Ohh, i love to see you!


----------



## mrsteel (Aug 27, 2017)

The_Driver said:


> *Here* I have created a google spreadsheet which compares the throw of all the portable (battery powered and handheld) throwers which I have found out about through the years. It doesn't matter if they are stock or modded or what light source they have. It also includes many different graphs for comparing them. Each light is linked in the first sheet. Generally the light should throw farther than the current best stock led thrower, the Thrunite TN-42 which does around 700kcd.
> At the bottom the different tabs can be clicked on (one per graph) and there is a butto to the left which opens a pop-up with a list of all the tabs.
> 
> I will gladly add any additional lights you might know if you can provide a link to a description and a throw measurement.



Another thrower would be the Streamlight HID Litebox, 1 million candela, 2000m throw.

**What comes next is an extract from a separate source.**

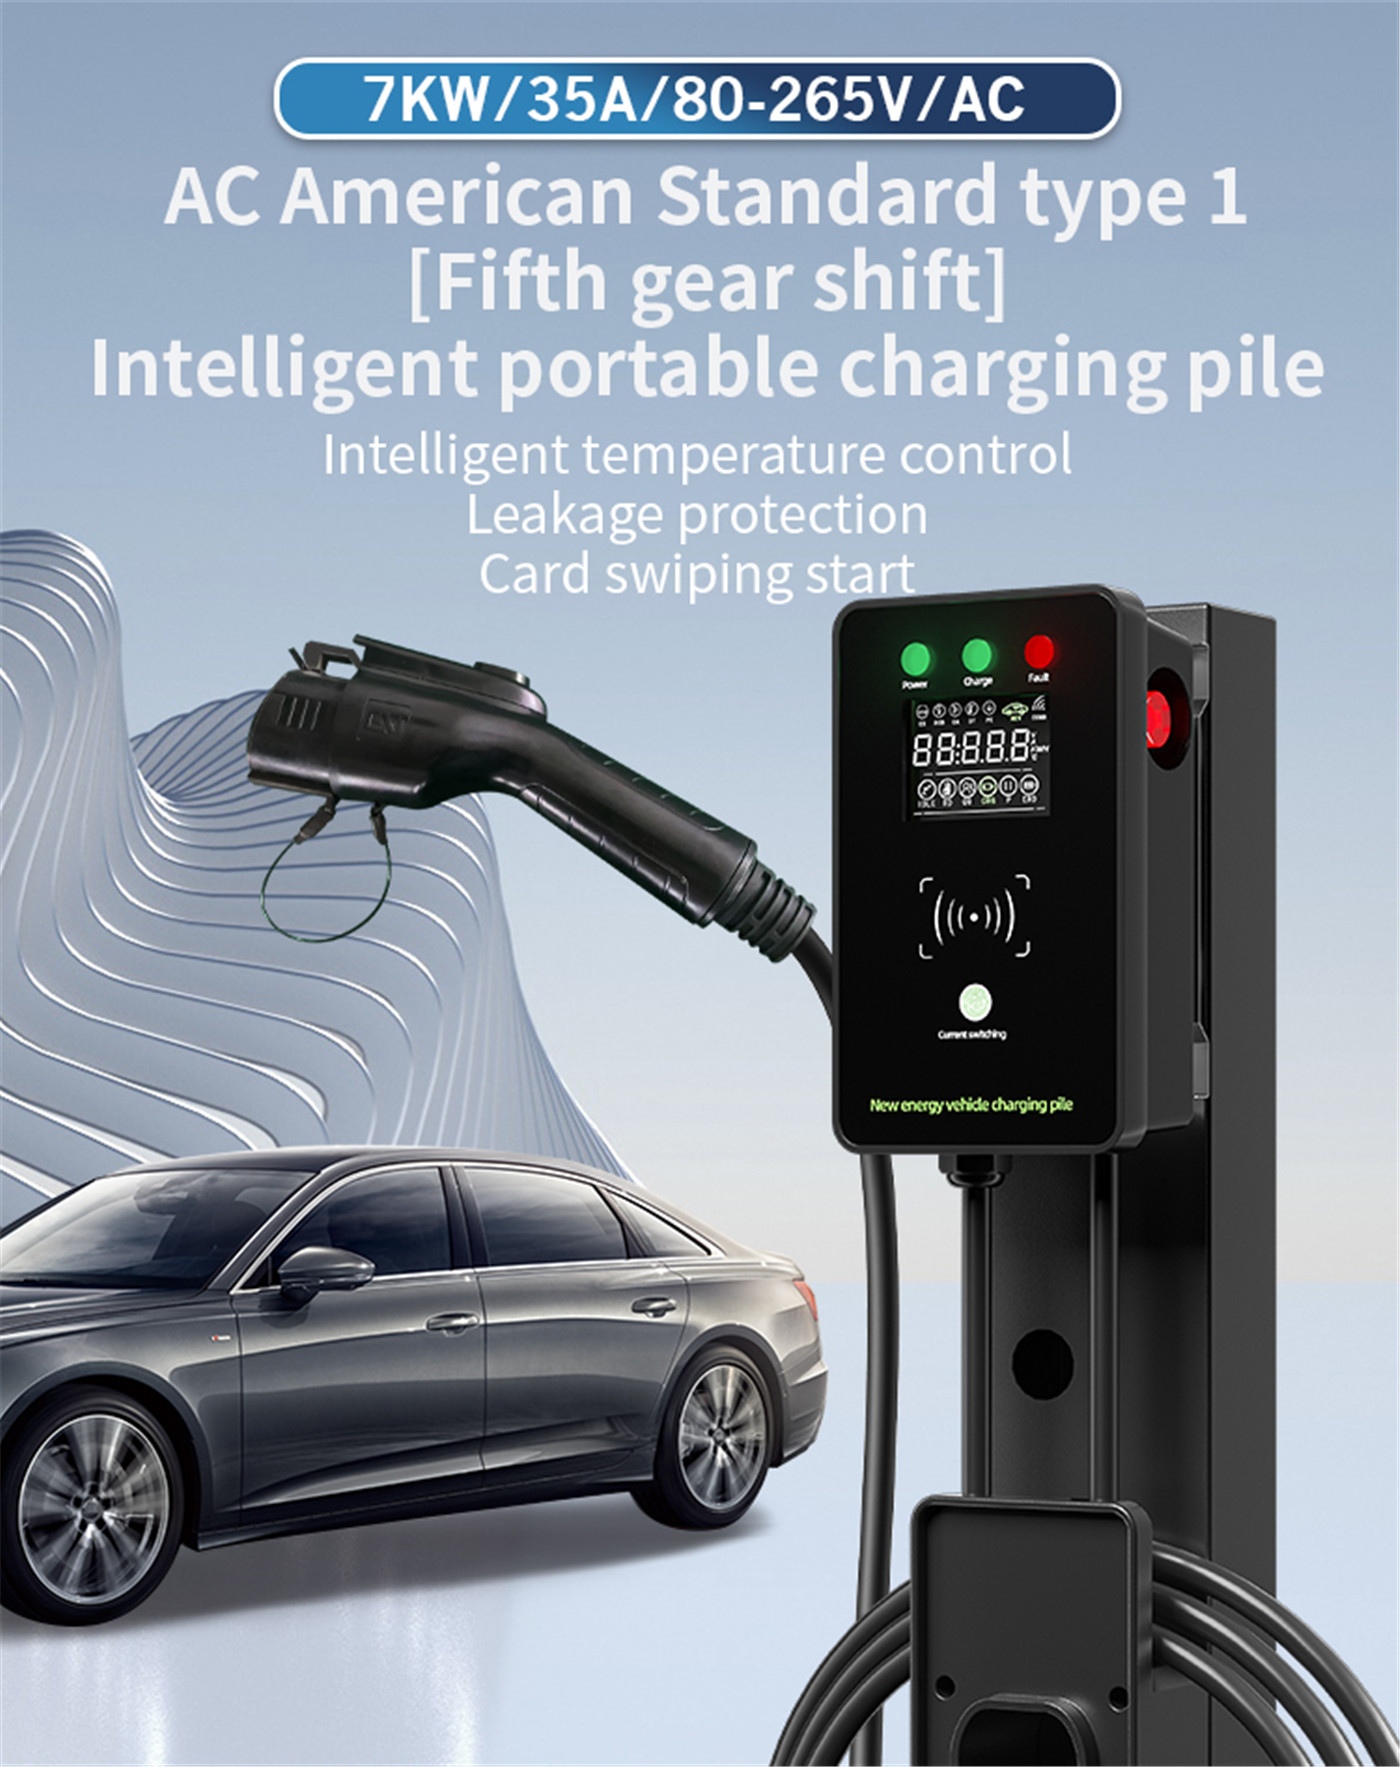 5 gear shift intelligent portable card swiping start charging pile-04 (1)

http://www.streamlight.com/en/products/detail/index/h-i-d-litebox-standard-system


----------



## BVH (Aug 27, 2017)

mrsteel said:


> Another thrower would be the Streamlight HID Litebox, 1 million candela, 2000m throw.
> 
> http://www.streamlight.com/en/products/detail/index/h-i-d-litebox-standard-system



Not even close to the Gen3 Maxabeam at between 12,000,000 and 13,000,000 CP The litebox, iirc, is just a 35 watt HID. Not much more than a single automotive headlight and not even remotely a thrower like any Short Arc light. Maxabeam is the Throw-King of handhelds, hands-down. But you won't get a new one for $1,500. You'll need to UP your budget to probably at least $2,000, probably more.


----------



## hahoo (Aug 27, 2017)

BVH said:


> Not even close to the Gen3 Maxabeam at between 12,000,000 and 13,000,000 CP The litebox, iirc, is just a 35 watt HID. Not much more than a single automotive headlight and not even remotely a thrower like any Short Arc light. Maxabeam is the Throw-King of handhelds, hands-down. But you won't get a new one for $1,500. You'll need to UP your budget to probably at least $2,000, probably more.



yep, thats a maglite, compared to the maxabeam:shakehead:laughing:


----------



## The_Driver (Aug 28, 2017)

I have added it, thanks. 
One thing to note - it has a huge reflector (I estimate around 180mm diameter)!

Well this is a comparison of multiple lights. It shouldn't include just the Maxabeam.


----------



## Patriot (Sep 21, 2017)

I like this list. Thank you!


----------



## XeRay (Sep 22, 2017)

Patriot said:


> I like this list. Thank you!



It's been a long time Patriot, welcome back !!!


----------



## BVH (Sep 22, 2017)

Yeah, almost thought I was "seeing things" when I saw his post.


----------



## The_Driver (Sep 25, 2017)

Hi Patriot, glad you like it!


----------



## Juggernaut (Sep 27, 2017)

Ok guess it's time to find me a good Lux meter.


----------



## The_Driver (Nov 28, 2017)

Juggernaut said:


> Ok guess it's time to find me a good Lux meter.



Yes!


----------



## The_Driver (Dec 15, 2017)

I have added the TN42vn90


----------



## Capolini (Dec 15, 2017)

Thanks for the list. My *TK61vn V4 *is ~775Kcd/1700 Lumens. 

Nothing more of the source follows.